Quantenornithologie
"Ein Kommissar, der tödliches Kopfweh hat, eine physikalische Theorie liebt und nicht an den Zufall glaubt, löst seinen letzten Fall. Ein Kind wird entführt und weiß nichts davon. Ein Arzt tut, was er nicht soll. Ein Mann stirbt, zwei Physiker streiten, ein Polizeiobermeister ist verliebt."
So lautet der Prolog von Juli Zehs Roman "Schilf", und mehr möchte ich eigentlich nicht von der Handlung verraten, denn schließlich handelt es sich bei dem neuen Werk der Autorin um eine Kriminalgeschichte. Und eine solche verträgt kein vorzeitiges Ausplaudern der Lösung. Doch Juli Zeh behandelt mehr als nur einen schnöden Mord: Ebenso geht es in ihrem Buch um Quantenmechanik, das Wesen der Zeit und um Vögel aller Art. Wer Fan spannender Thriller ist, wird dabei vermutlich nicht auf seine Kosten kommen und zu gängigerer Krimikost greifen.
Für eine Umsetzung als Fernseh-Tatort wäre "Schilf" sicherlich zu vertrackt. Denn aus dem Streit zwischen den beiden befreundeten Physikern Sebastian und Oskar über die Viel-Welten-Theorie und Kopenhagener Deutung der Quantenmechanik entwickelt sich in "Schilf" nicht nur eine Geschichte um eine Entführung und einen Mord, sondern auch eine äußerst zugespitzte Auseinandersetzung um zwei Lebensentwürfe. Oskar und Sebastian bilden dabei ein Gespann wie aus einem Hesse-Roman, ganz ähnlich wie das Freundespaar David und Paul in Dietmar Daths "Dirac" (http://www.wissenschaft-online.de/artikel/859211).
Spätestens wenn Kommissar Schilf, das erklärte "alter ego" der Autorin, die Bühne der Handlung betritt, verwandelt sich die Geschichte in eine Art intellektuelles Duell. Dabei erscheinen mir die Protagonisten des Romans nicht so sehr als Identifikationsfiguren aus Fleisch und Blut, sondern eher als Figuren in einem vertrackten Schachspiel und als "essayistische Sprachrohre" der Autorin, die sich im Übrigen auch nicht für Kalauer zu schade ist: "Dreisam. Wie Einsamkeit zu dritt." (S. 9). Vom Namen "Dabbeling" auf das Orwellsche "doublethink" zu kommen, wie es der Freundin des Kommissars gelingt (S. 330), verursacht allerdings fast schon Zahnschmerzen.
Als jemand, der die nagenden Grundlagenfragen der Quantenmechanik im Rahmen der eigenen Diplomarbeit erlitten hat (die Fragezeichen verschwinden leider nicht im Physikstudium, sie werden nur größer), erscheint mir vieles, was populärwissenschaftlich über die so genannte "Viel-Welten-Theorie" von Hugh Everett geschrieben wird, eher als Literatur denn als handfeste Physik. Everett kreierte im Rahmen seiner Promotion eigentlich nur einen konsistenten Formalismus, der den Kollaps der Wellenfunktion beim Messprozess eliminieren sollte. Sein primäres Ziel war es nicht, auf quantenmechanischen Wege Doppelgänger und Parallelwelten zu erschaffen. Interessant ist es, wie John Archibald Wheeler in seiner Autobiografie über die verwegene Theorie seines Doktoranden Everett urteilt: "Does it offer any new insights? Does it predict outcomes of experiments that differ from outcomes predicted in conventional quantum theory? The answer to the first question is emphatically yes. The second is emphatically no."
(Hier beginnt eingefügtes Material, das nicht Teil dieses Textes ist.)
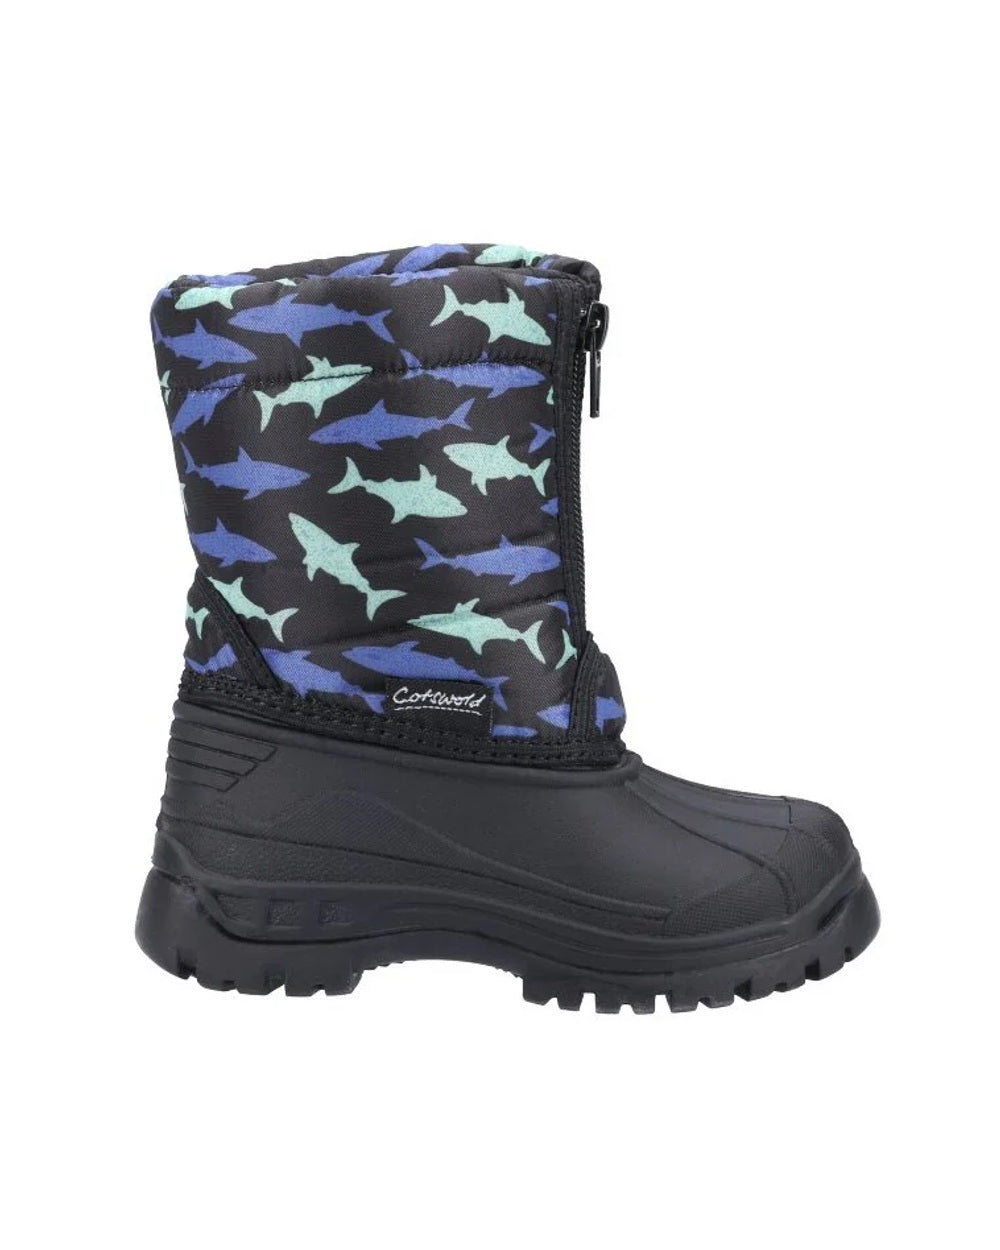 Shark coloured Cotswold Kids Iceberg Zip Snow Boots on white background 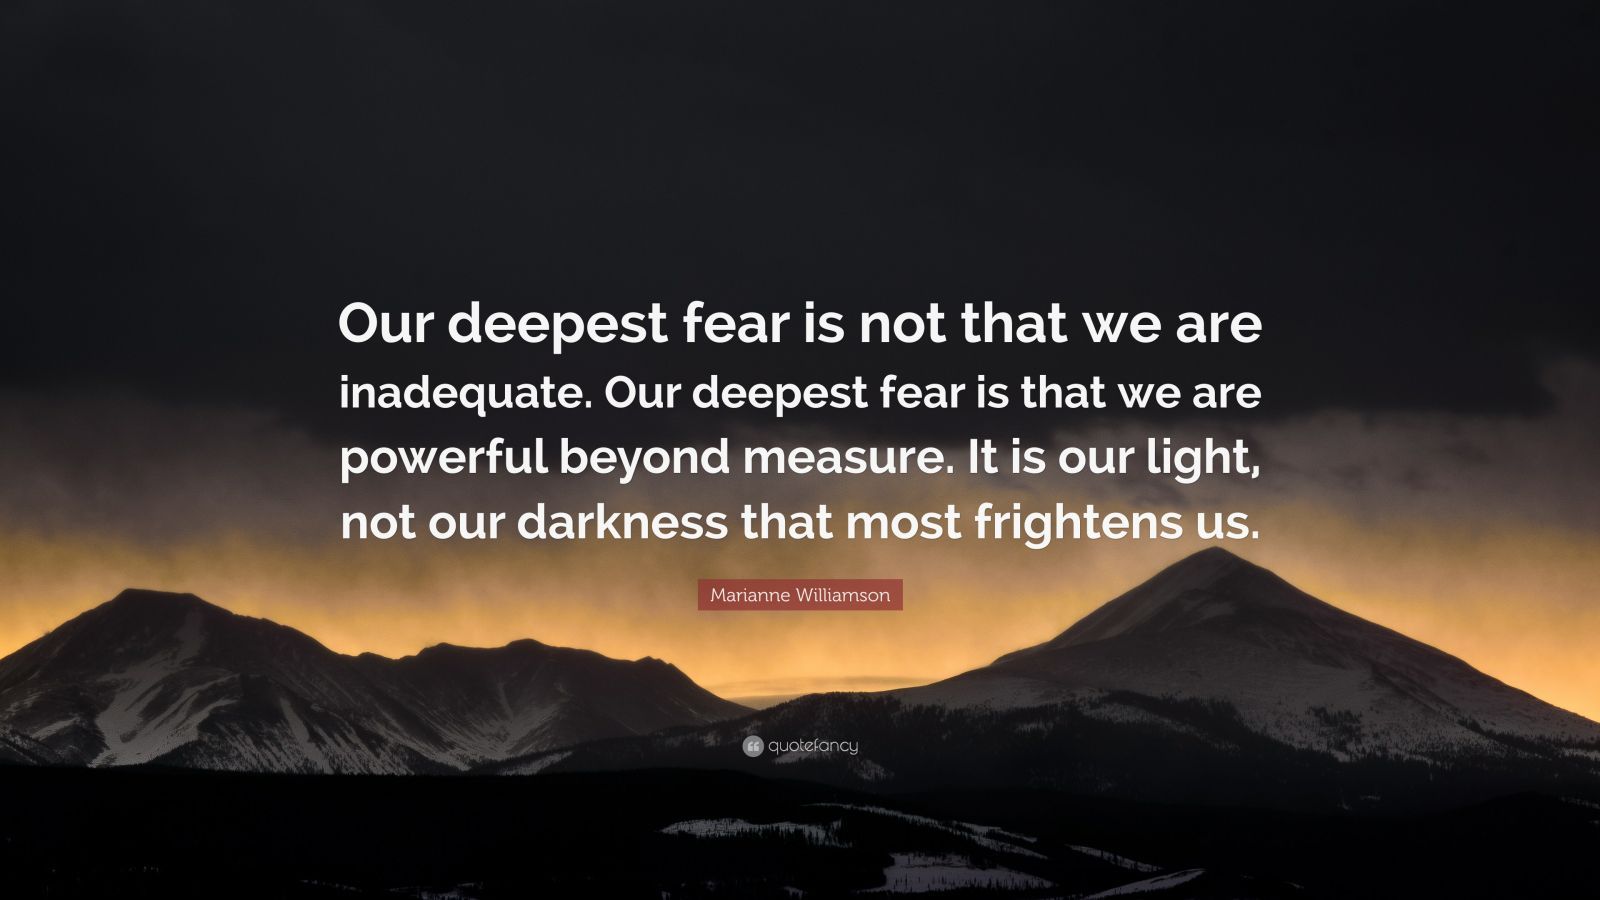 Marianne Williamson Quote: “Our deepest fear is not that we are

Da finde ich es erfrischend, dass Juli Zeh – von Hause aus übrigens Juristin – die Everett'sche Theorie gleich literarisch ummünzt. Ihr Buch zeigt sicher nicht, wie sich die Quantenmechanik auf das Leben anwenden lässt, aber es verschafft eine anregende "physikalische Perspektive" auf die Literatur und das Leben: Lässt sich ein Roman als Versuchsanordnung ansehen, die mögliche Parallelwelten entwirft und unter die Lupe nimmt? Beeinflussen nicht gerade "zwischenmenschliche Verschränkungen" viele unserer Entscheidungen? Und was bitte schön machen die vielen Vögel um uns herum? Zu diesen und anderen Fragen gibt es viel im, pardon in "Schilf" zu entdecken.